Onorio Rosati |
Il segretario della Camera del lavoro di Milano che sulla vicenda Fiat subito precisa: “mi pare faccia notizia anzitutto perché riguarda l’ultima grande impresa manifatturiera rimasta in Italia, poi perché il confronto tra azienda e sindacati rimanda ad altre stagioni, come quelle “storiche” degli anni ’50 o degli anni ’80”.
Dunque Marchionne è realmente l’uomo che sta facendo voltare pagina al gruppo di Torino?

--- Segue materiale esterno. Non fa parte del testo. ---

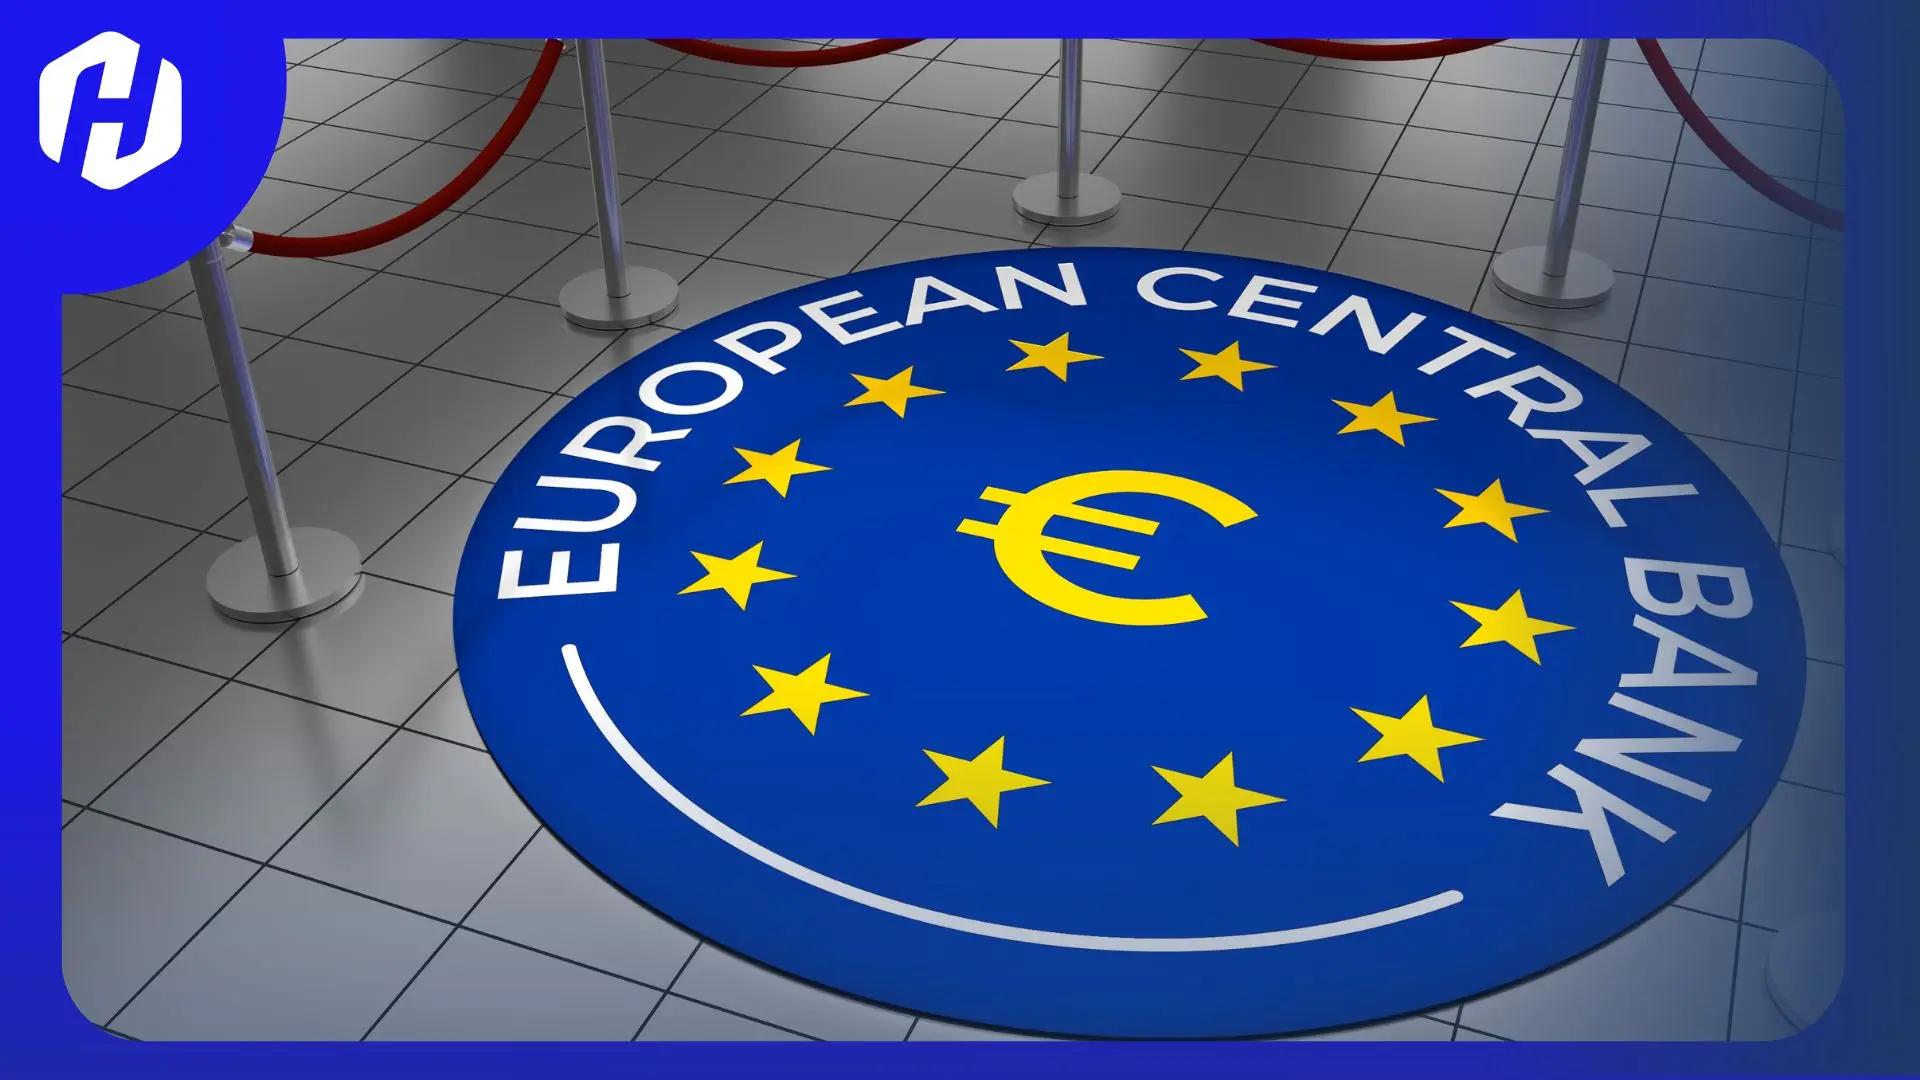 Bank Sentral Eropa, European Central Bank (ECB

“L’amministratore delegato della Fiat vuole arrivare ad un nuovo modello di organizzazione e di relazioni coi lavoratori. La modalità con cui ha scelto di gestire il confronto è realmente irrituale, ma alla novità della forma non si accompagna alcuna novità nei contenuti”, che paiono a più di un osservatore molto vecchi. “Marchionne esclude chi non accetta la sua proposta, non offre margini di trattativa, non cerca in alcun modo soluzioni condivise” come avviene invece in altri paesi europei come la Germania, “dove Siemens o Volkswagen hanno firmato contratti che prevedono una compartecipazione dei lavoratori alle scelte dell’impresa”.
Insomma, quella di Marchionne più che una rivoluzione è una restaurazione? “Dal suo punto di vista Marchionne cerca di aumentare la competitività della Fiat, ma lo fa escludendo il sindacato che ha la maggioranza relativa degli iscritti”, col rischio di dover fronteggiare un’infinità di ricorsi alla magistratura. “Occorrerà naturalmente attendere l’esito del referendum sugli accordi di Pomigliano e Mirafiori e nel caso di una vittoria dei sì prendere atto di quanto avvenuto e aprire una seria discussione in seno alla CGIL e alla Fiom”. Eppure dipingere la Fiom come un blocco monolitico incapace di dialogare con le controparti è una semplificazione fuorviante: “Vedo in Lombardia, dove ogni giorno la Fiom siede a tavoli di trattativa con aziende grandi e piccole e sigla regolarmente contratti aziendali, integrativi, fornisce il suo aiuto per gestire situazioni di crisi, con molta ragionevolezza”.